The in vivo clastogenic potential of AES (C12-14) Na (CAS 68891-38-3, analytical purity 27-29%, no data on grade of ethoxylation) was assessed in a mammalian bone marrow chromosomal aberration test with CD-1 mouse according to OECD Guideline 475 (Ciliutti, 1995). The test substance was administered via gavage at doses of 1000 and 2000 mg/kg bw to five animals per sex per dose. Distilled water was used as vehicle. The post exposure period were 10, 24 and 48 h for the test group including the vehicle control and 26 h for the positive control group. Results achieved with the negative (distilled water) and positive controls were valid. No signs of toxicity and no increased number of chromosome aberration were seen at 1000 and 2000 mg/kg bw. Thus the test substance did not show clastogenicity at 1000 and 2000 mg/kg bw based on the test material and 270 to 290 and 540 to 580 mg/kg bw based on the active ingredient.

 

In conclusion, AES and their metabolites lack the structural moieties which confer mutagenic properties. This is reflected by the lack of reliable positive genotoxicity studies within the AES category. This is supported by the conclusions of the HERA report for AES were it is stated that: “In all available in vitro and in vivo genotoxicity assays, there is no indication of genetic toxicity of AES.”

 

References:

Danish EPA - Environmental and Health Assessment of Substances in Household Detergents and Cosmetic Detergent Products (2001). Environmental Project No. 615, pp. 24-28

HERA (2003). Human & Environmental Risk Assessment on ingredients of European household cleaning products Alcohol Ethoxysulphates, Human Health Risk Assessment Draft, 2003. http: //www. heraproject. com.

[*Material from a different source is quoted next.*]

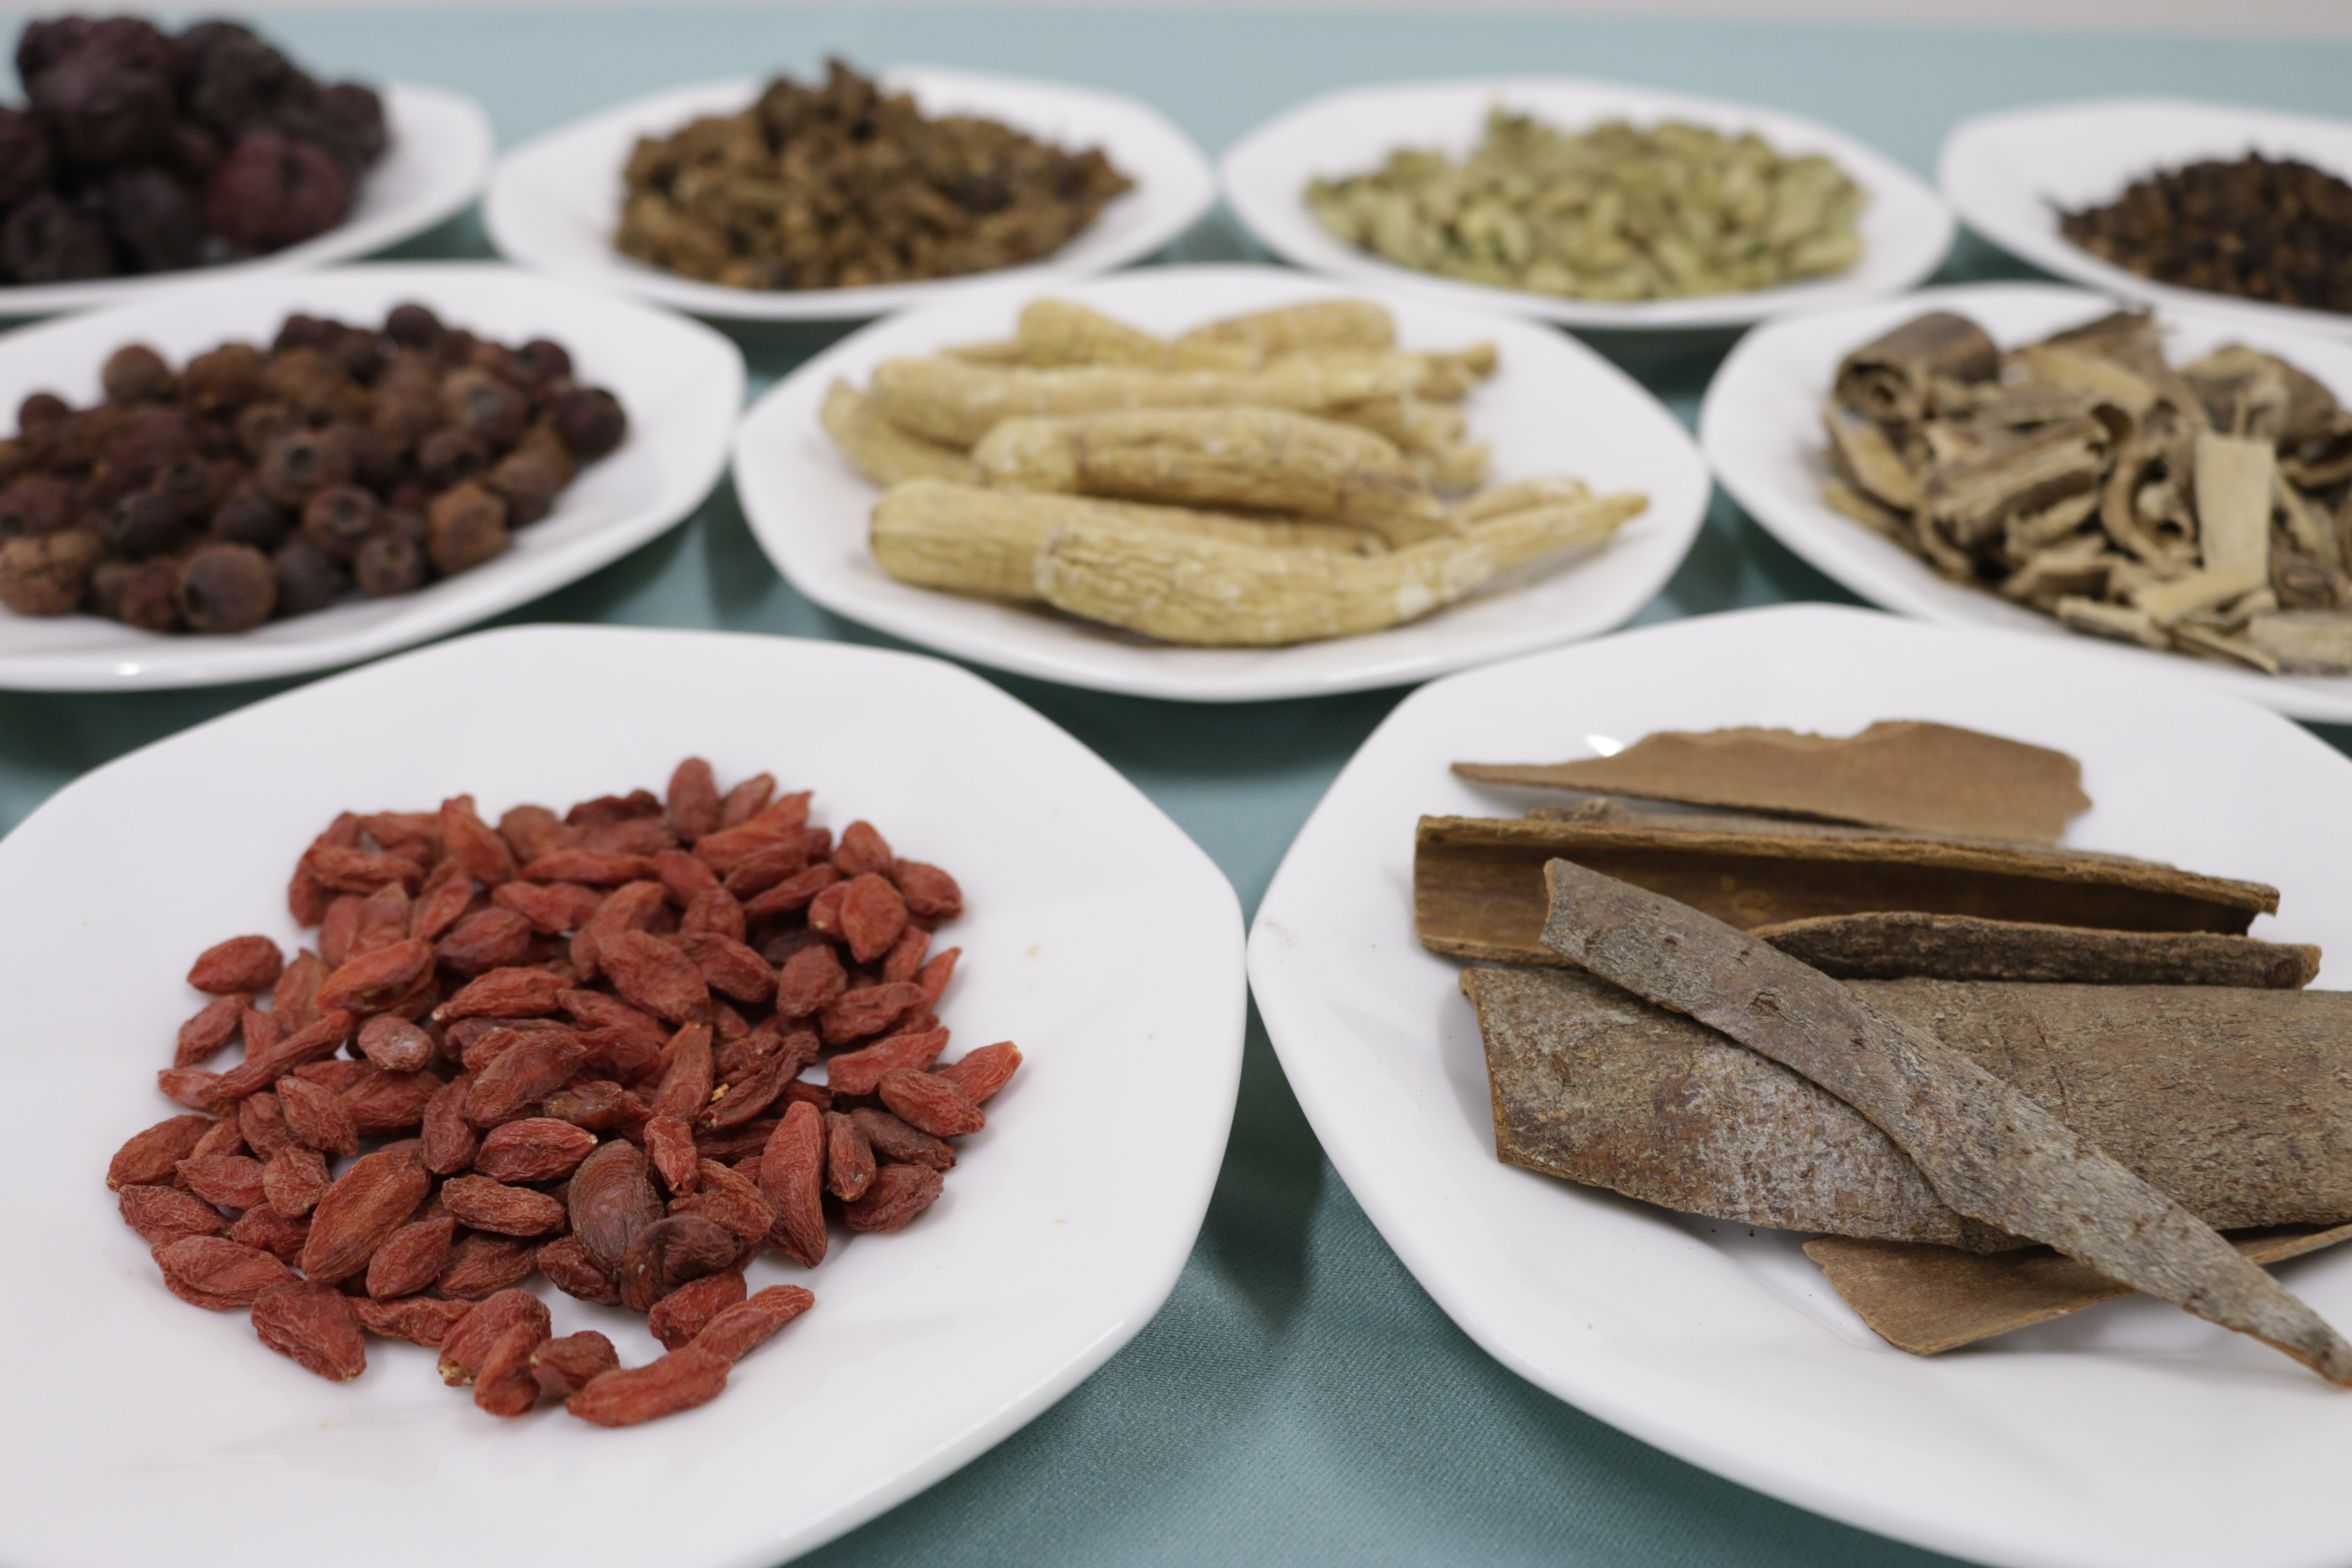 『ハーブの恵み』には、養命酒が400年を超える歴史で培ってきた「ハーブの選定技術」と「伝統的な製法」が結集しています。候補となった100種類を超えるハーブの中から、「ココロにやさしい」クローブ、シナモン、甜杏仁(かんきょうにん)、クロモジ、カルダモン、花椒(かしょう)の6種類と、「カラダにやさしい」高麗人参、桑の実、クコの実、ネムノキ、サンザシ、リュウガン、ナツメの7種類、計13種類を厳選してブレンド。

Justification for selection of genetic toxicity endpoint
No study selected as outcome is negative.

Short description of key information:
In vitro bacterial reverse mutation assay (Ames test / OECD guideline 471): negative
In vitro mammalian cell gene muatation assay (MLA / OECD guideline 476): negative
In vivo mammalian chromosome aberration assay (CA / OECD guideline 475): negative

Endpoint Conclusion: No adverse effect observed (negative)

Justification for classification or non-classification

According to the classification criteria of Directive 67/548/EEC and Regulation (EC) No 1272/2008 the substance does not need to be classified for genotoxicity.